Pearl and Violet started entertaining with the 'All Jazz Review', their first known performance, sponsored by Irons & Clamage and the Swear Club (a women's club) was reviewed by The Billboard on January 10, 1920. Pearl, "a tall, willowy girl, Is a dancing wonder" as her artistry in dance had become well known.

The trio started out on Broadway and in vaudeville, with Helen Kane Schroeder, the original Boop-boop-a-Doop Girl. The trio did various song and dance acts, eventually settling for close harmony, which was associated with three-part harmony singing. The Hamilton Sisters and Fordyce earliest known performance together (as a trio team) was at B.F. Keiths Theater in Syracuse, New York, on May 13, 1923. In 1924, they also toured in vaudeville, with Helen Schroeder and Anna Mae Wong. Pearl's harmony trio had the musicianship of the Raymond Fagan Orchestra (a band with no known recordings); a band compared to Paul Whiteman or the Vincent Lopez Orchestras. Pearl Hamilton met Ed Santos, who played trumpet with Fagan's band, and a year later they married in Rochester, New York. During early July 1925, the Hamilton Sisters and Jessie Fordyce were singing at the Eighty-First Street Theatre. In 1926, the trio toured with another popular all-girl act, Jerry and her Baby Grands, appearing together at the Palace Theater in New York. They also toured together in Canada.

1927
The Hamilton Sisters and Fordyce gained enough success to tour abroad. After they departed from the "Stars of the Future" entertainment showcase in the spring of 1927, their management, fronted by Ed Wolfe, had them tour Europe and the United Kingdom. They departed by airplane at a Long Island airport with the American portion of New York's Savoy Orpheans musical unit during the week of May 23, 1927.

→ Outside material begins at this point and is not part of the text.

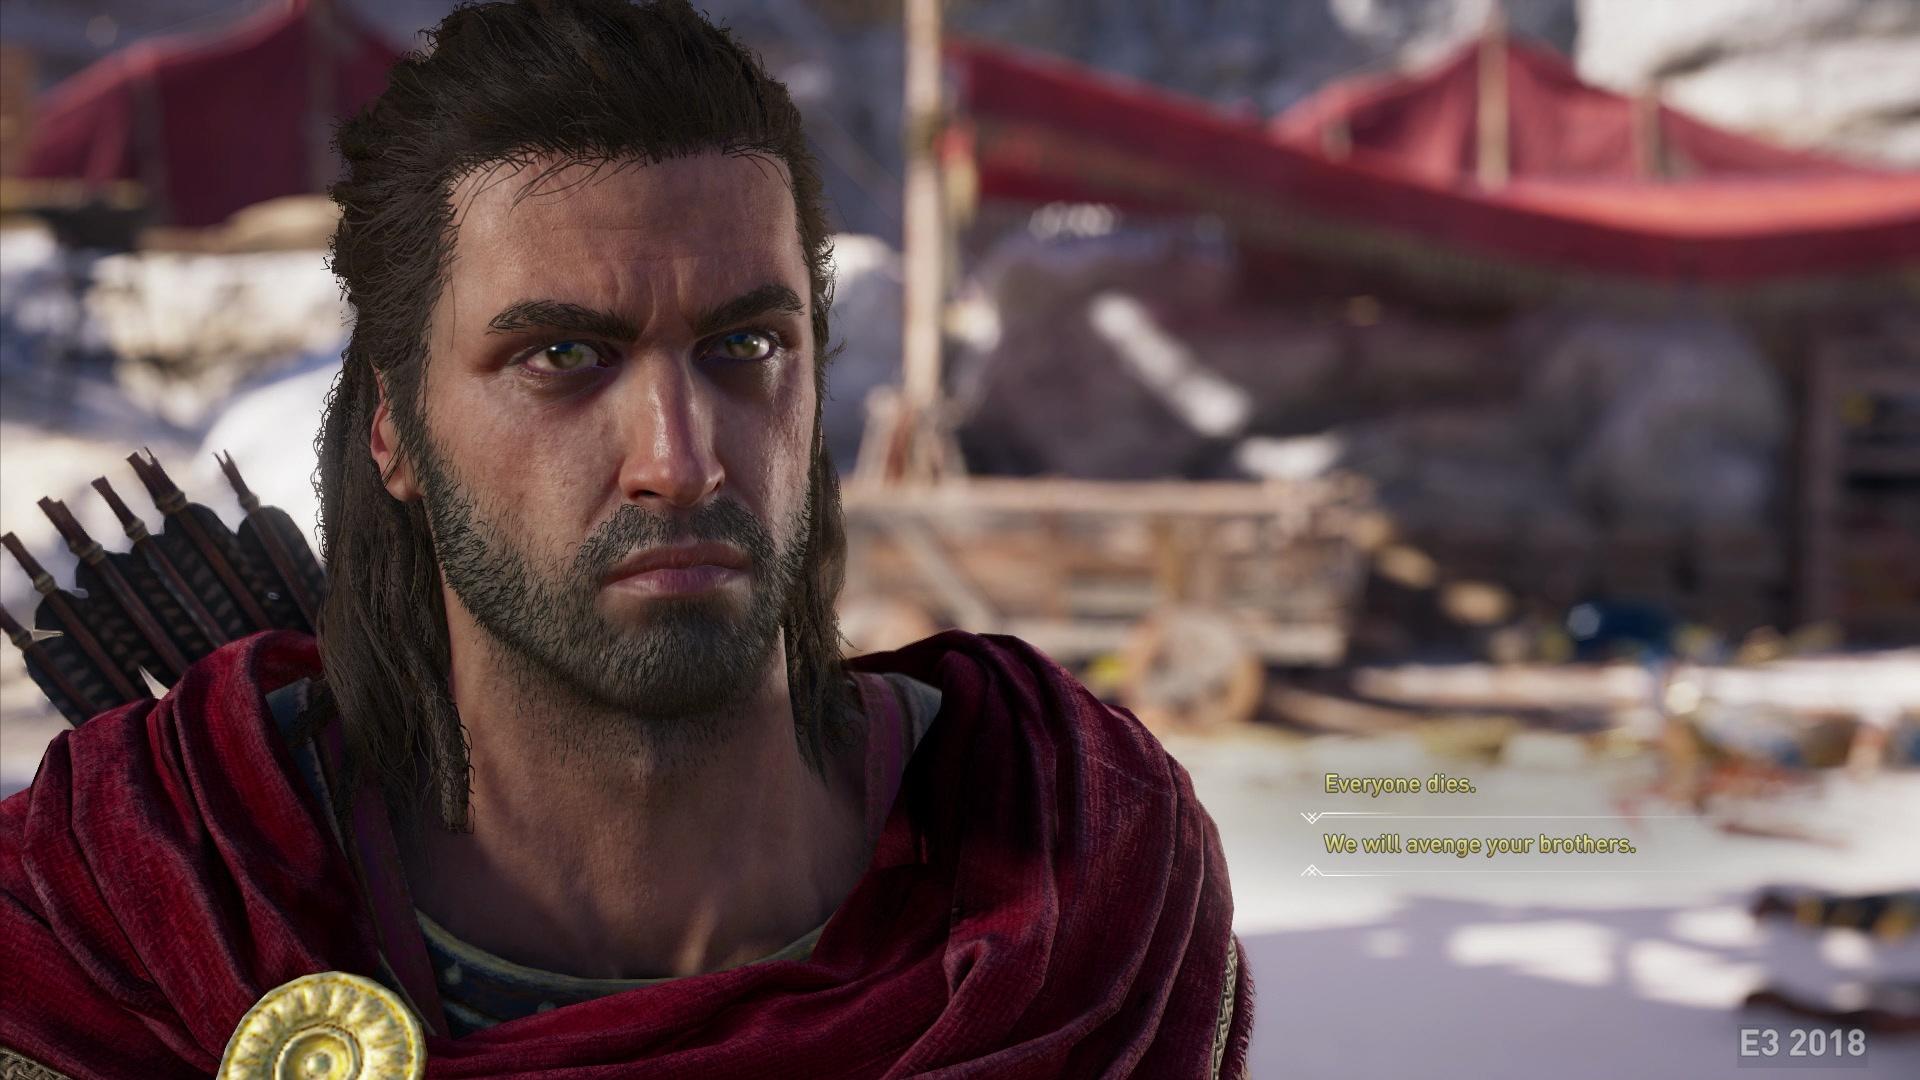 Assassin's Creed Odyssey screenshots leak ...

In the UK, they met up with American songwriters Richard Rodgers and Lorenz Hart. They also spent time in the recording studio with Bert Ambrose, a British bandleader, musical director Caroll Gibbons, and violinist/director Reg Batton. They toured with the New York engagement and appeared on London and Manchester stages. Played the London Palladium, Alhambra Theatre of Variety, and Plaza. Made a big splash in the theater production Blue Skies.

On October 27, 1927, Harry Plunket Greene, Irish baritone tenor, wrote of the trio after an England performance: "The Hamilton Sisters & Fordyce are just A1 as they are. I wouldn't interfere with them for anything. It's just perfect in its way. I do trust they leave things alone, not try to change."

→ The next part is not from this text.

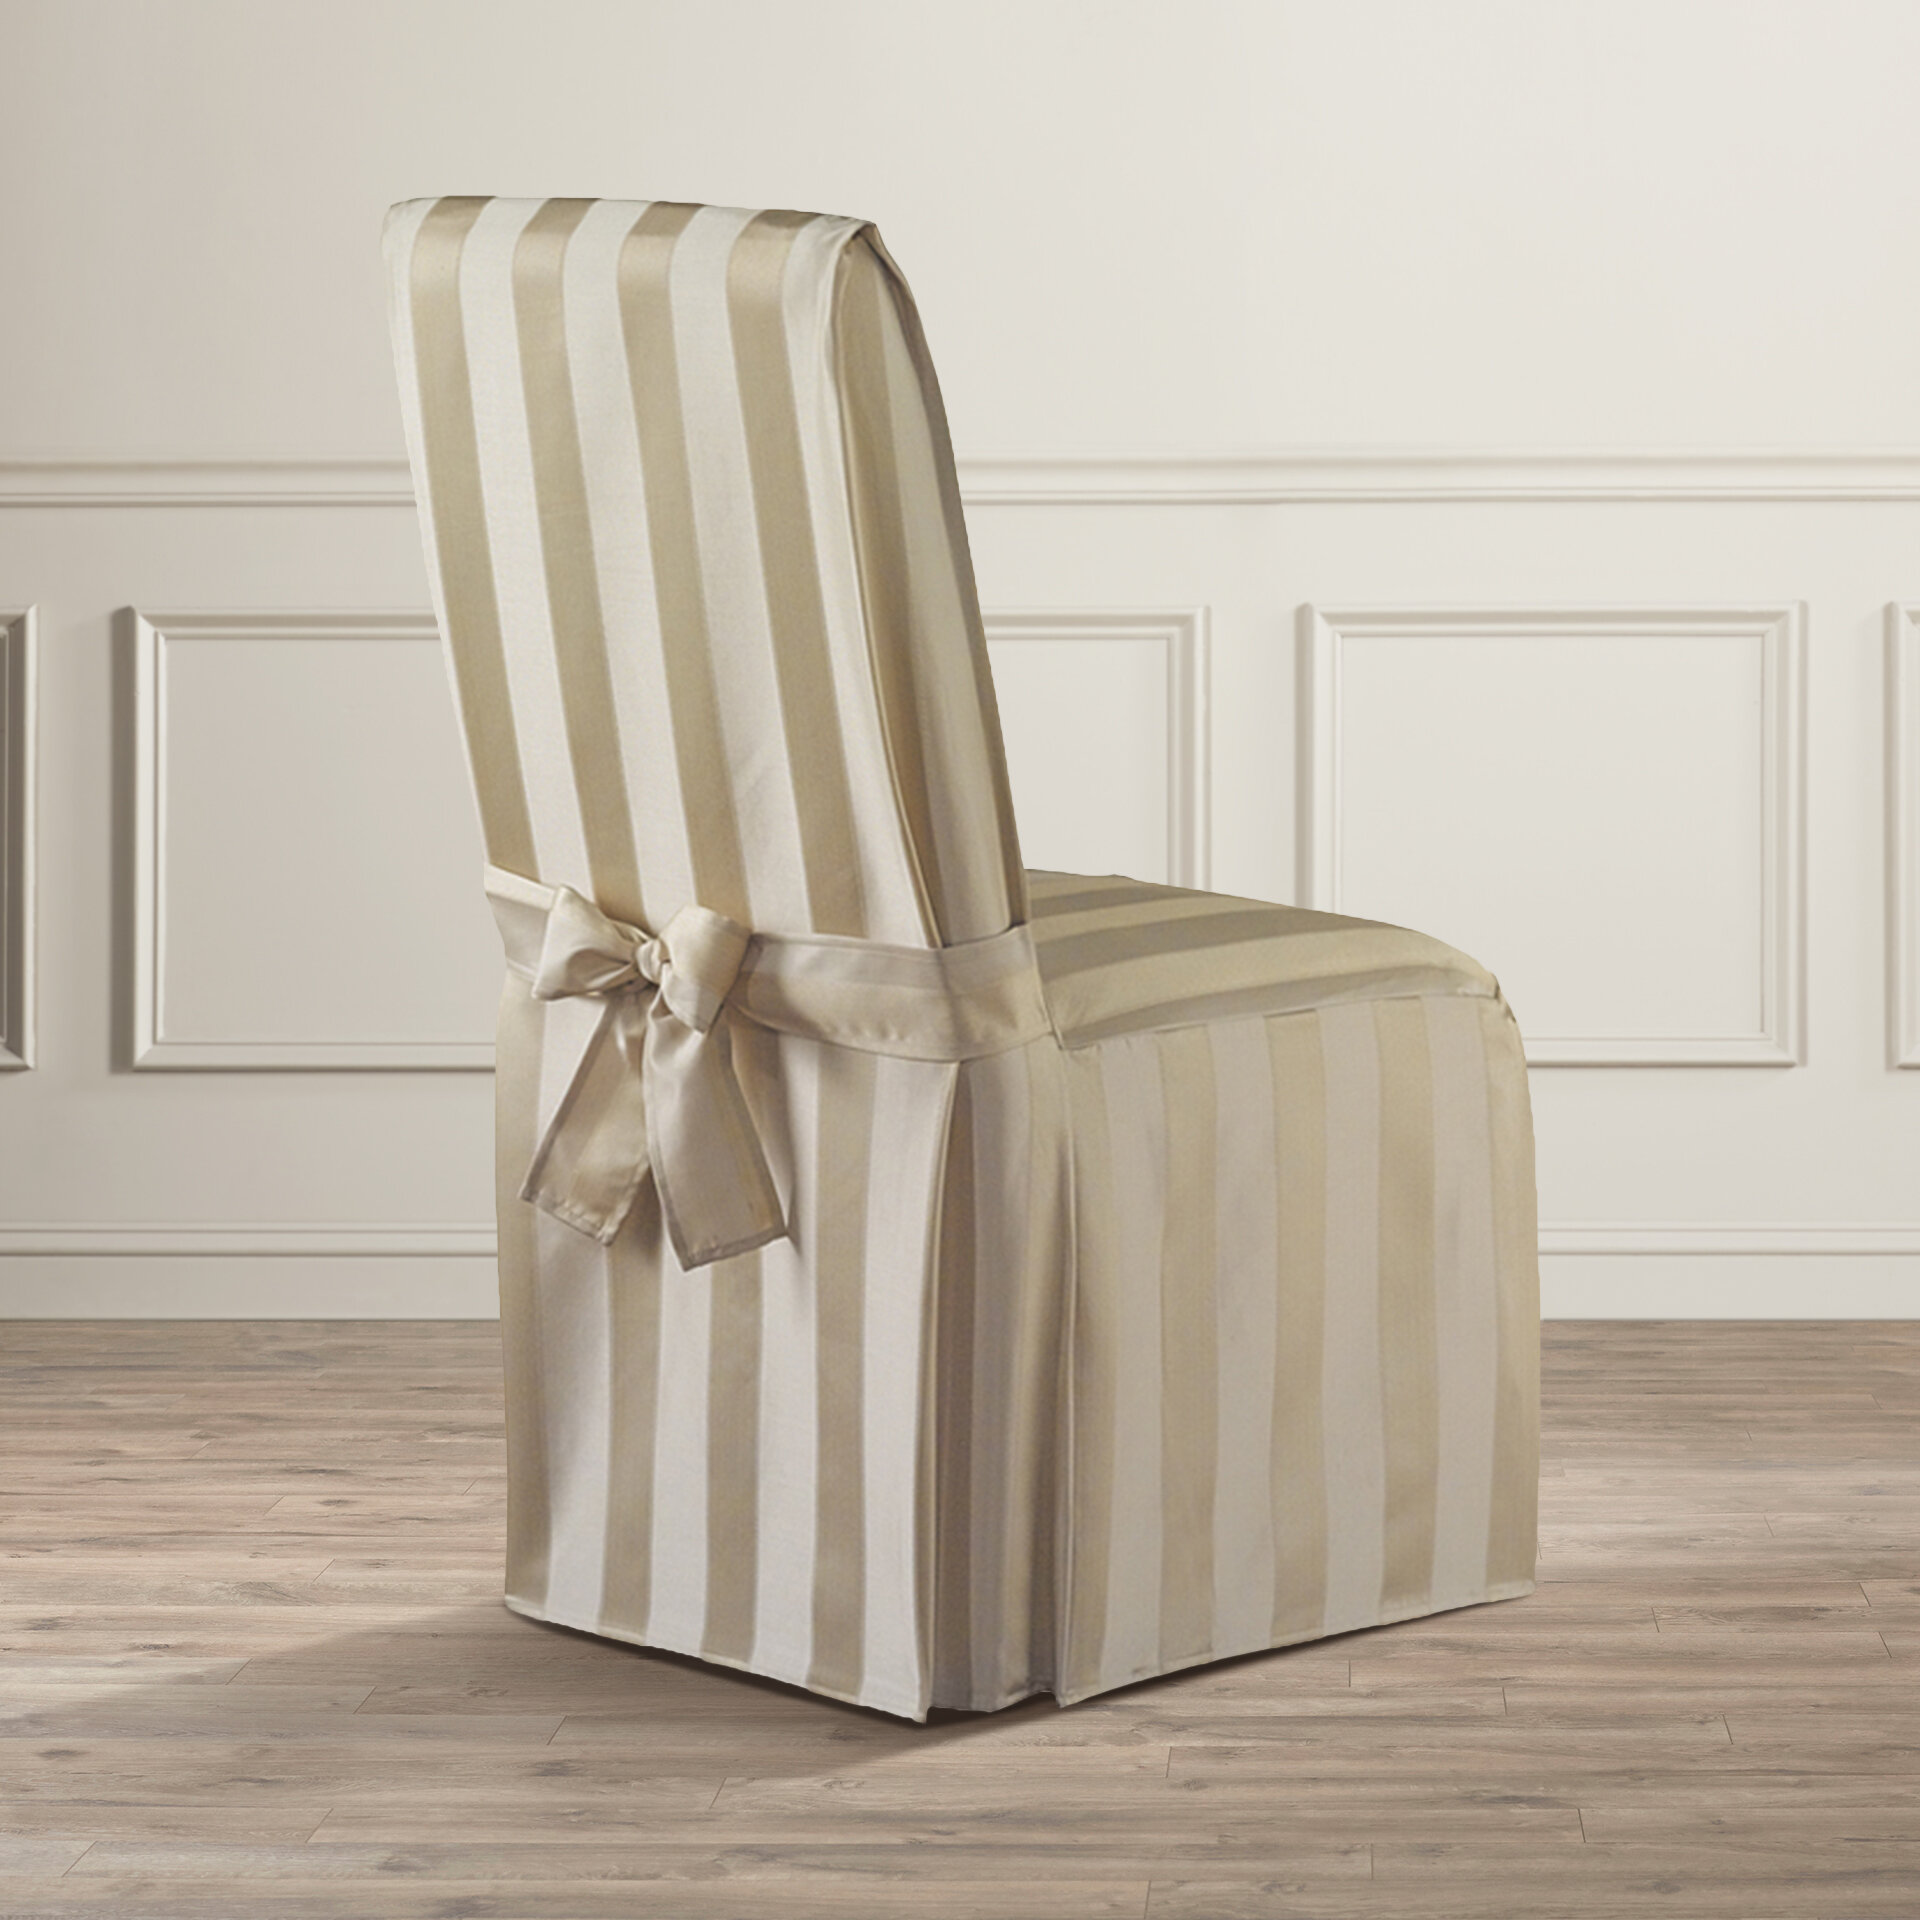 Astoria Grand Polyester Parson Chair Slipcover eBay

That November, the trio teamed up with Billy Mayerl, pianist, to do close harmonizing on "Who You, That's Who?", and "Zulu Wail". Their first on-air radio broadcasts were in England on the BBC. The trios' first return to America; departed England on December 10 for Paris. They sailed from Cherbourg, France (New York, Passenger Lists) on the U.S.S. Leviathan on Dec. 15, 1927 for New York City. Reports also show a two year radio contract signed with the BBC, tours with the Savoy Havana Band to European clubs in Paris, Vienna, Berlin, Monte Carlo, and at the 'Kit Kat Club' in 1928.

Broadway to American radio
When the popularity of the vaudeville showcase Playtime had become a real success, it attracted the attention of Broadway with Rain or Shine in early 1928.
Jessie had the idea for Playtime. Tom Howard was the writer. The routine they did placed their on-stage performance alongside Joe Cook, comedian. The Hamiltons and Fordyce were so well received that the Playtime showcase was recommended to run on its own merit.

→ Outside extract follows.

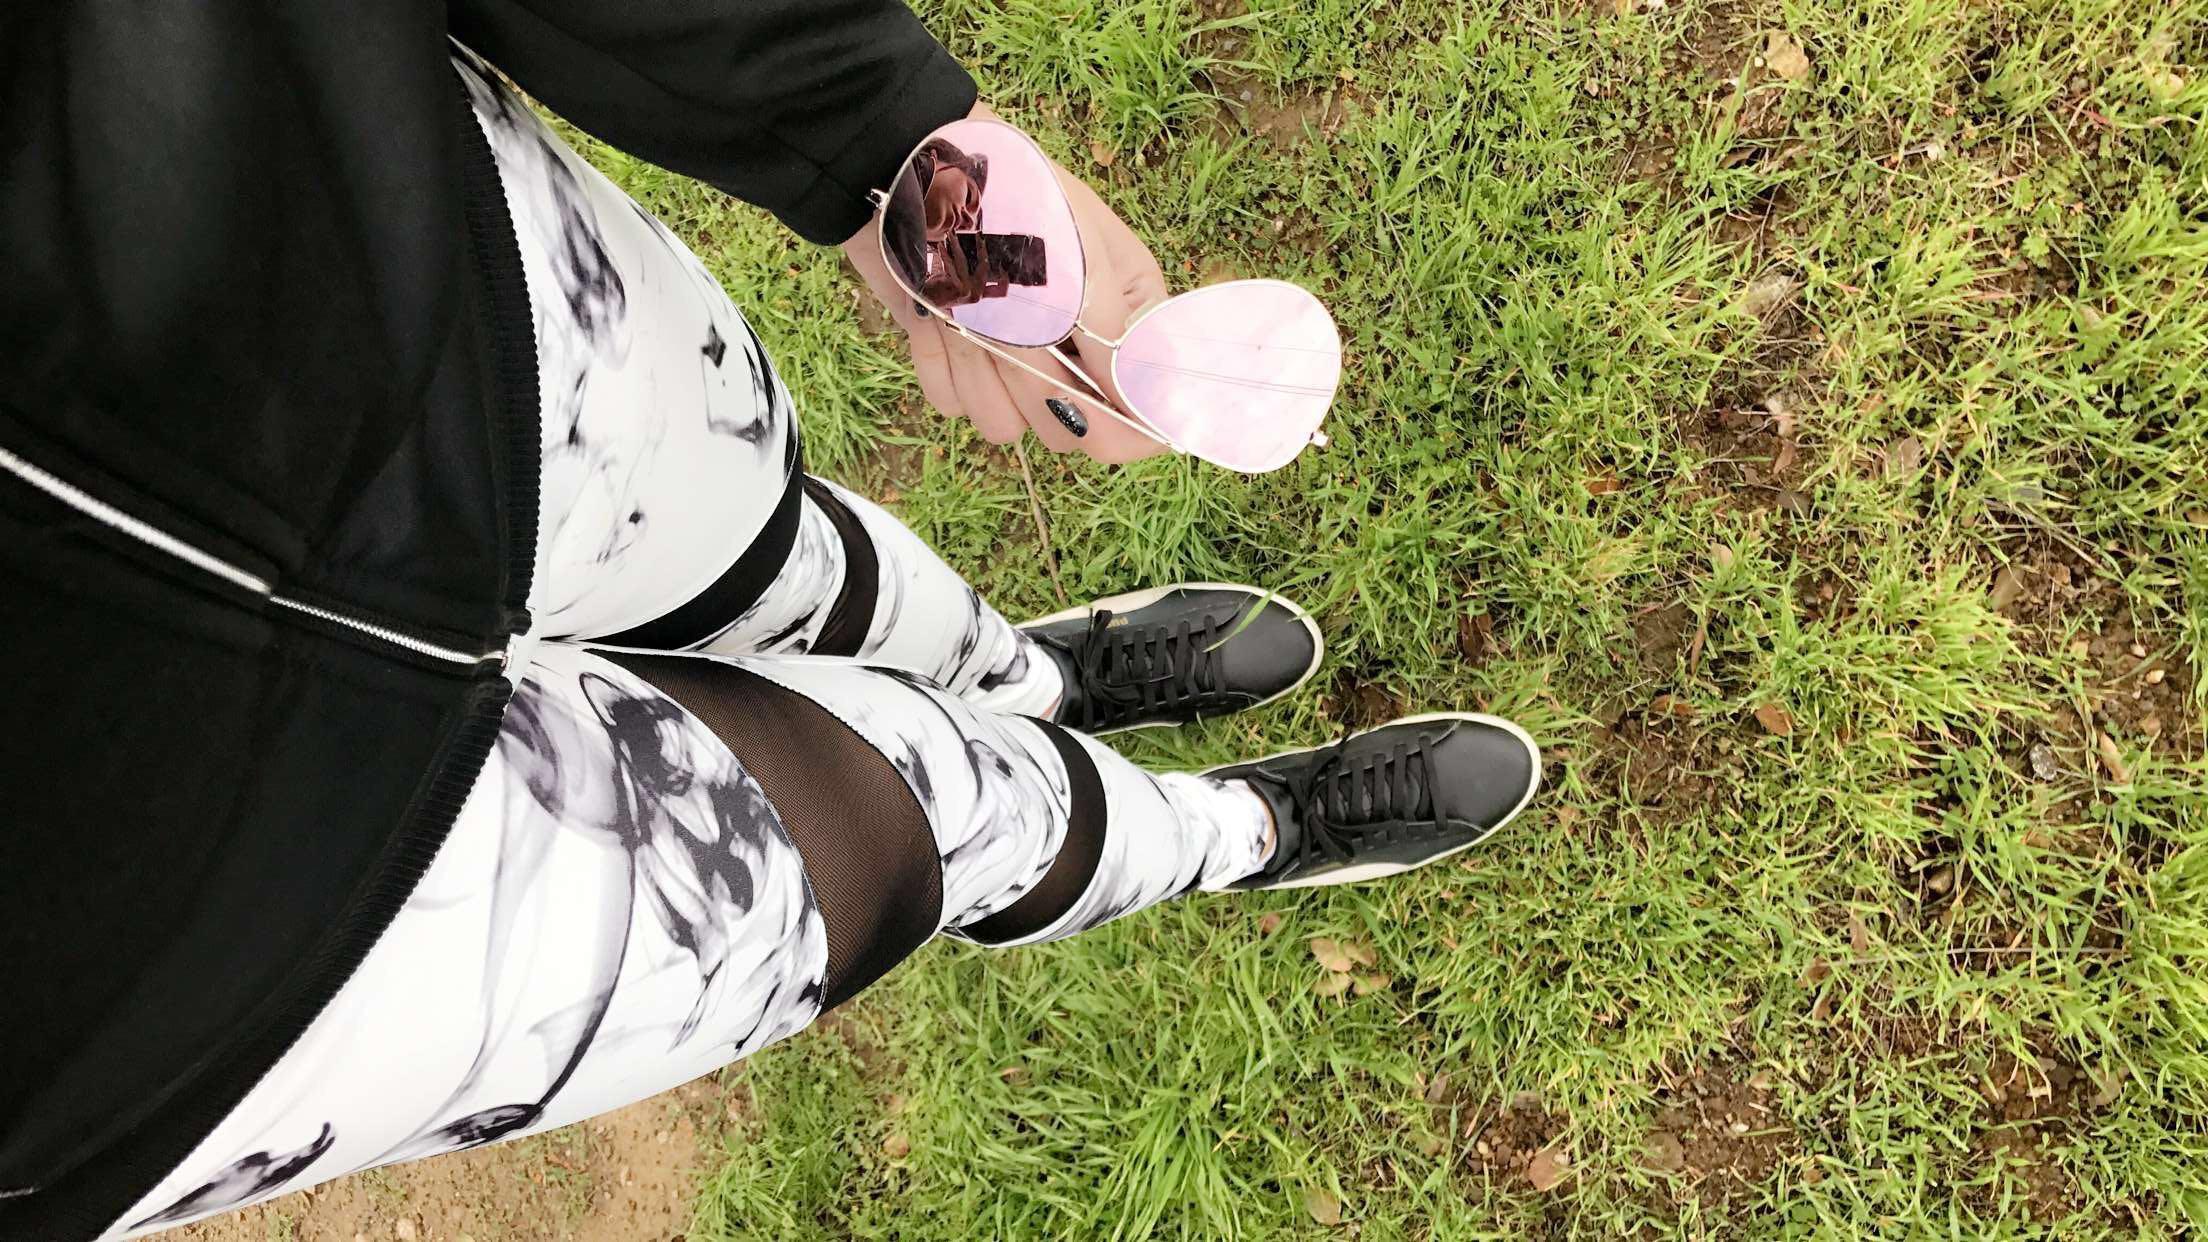 RoseWholeSale Marble Print Yoga Pants

The group's radio success started when the trio appeared in publicity photographs wearing eye masks, and capitalized on the new popularity of radio. Pearl needed to make a choice between investing in records, or concentrate on radio work. She chose to tour the US extensively, and sign with such sponsors as Ford, Chase and Sanborn, Best Foods, Tydol, Babbo, and others to pursue the radio career for her trio. A CBS Radio sponsor hired them, and they took a new stage name, "The Three X Sisters". In 1932, they were featured alongside other harmony trios in the November issue of Radio Digest Magazine. From October to December on the WABC-CBS radio program, you'd find this scenario, with the Three X Sisters at the 7:30pm time, followed by Connie Boswell at 7:45pm. They were also with ABC radio doing some cartoon scenario songs, appeared on the Eddie Cantor Show, harmonized the song "Those Eddie Cantor Eyes". Some radio transcribed tunes which they sang to identify the 1930s era in rhythm and the blues are "Old Clothes", "Good Times Coming", and "Still No Luck With You". Pearl's piano playing was crafted exclusively on their Musical Grocery Store radio tenure, alongside the Harry Salter Orchestra. By 1934 they were guests on The Nick Kenny Radio Hour and were performers/singers in part of the Nick Kenny (poet) scripted "Radio Scandals". They also introduced animation soundtrack songs over on-air radio broadcasts. They attributed voice-work for the popular Max Fleischer Cartoons synched with their early radio-work, and by 1933 they had a regular time-slot with NBC Radio. They continued on the airwaves until 1938, and were still popular at the Chicago Theater in Illinois, Palace Theater in NYC, and the Stanley Theater (now Benedum Center) in Pennsylvania on the same playbill as The Three Stooges. Entertainment news columnists found amusement in the name recognition.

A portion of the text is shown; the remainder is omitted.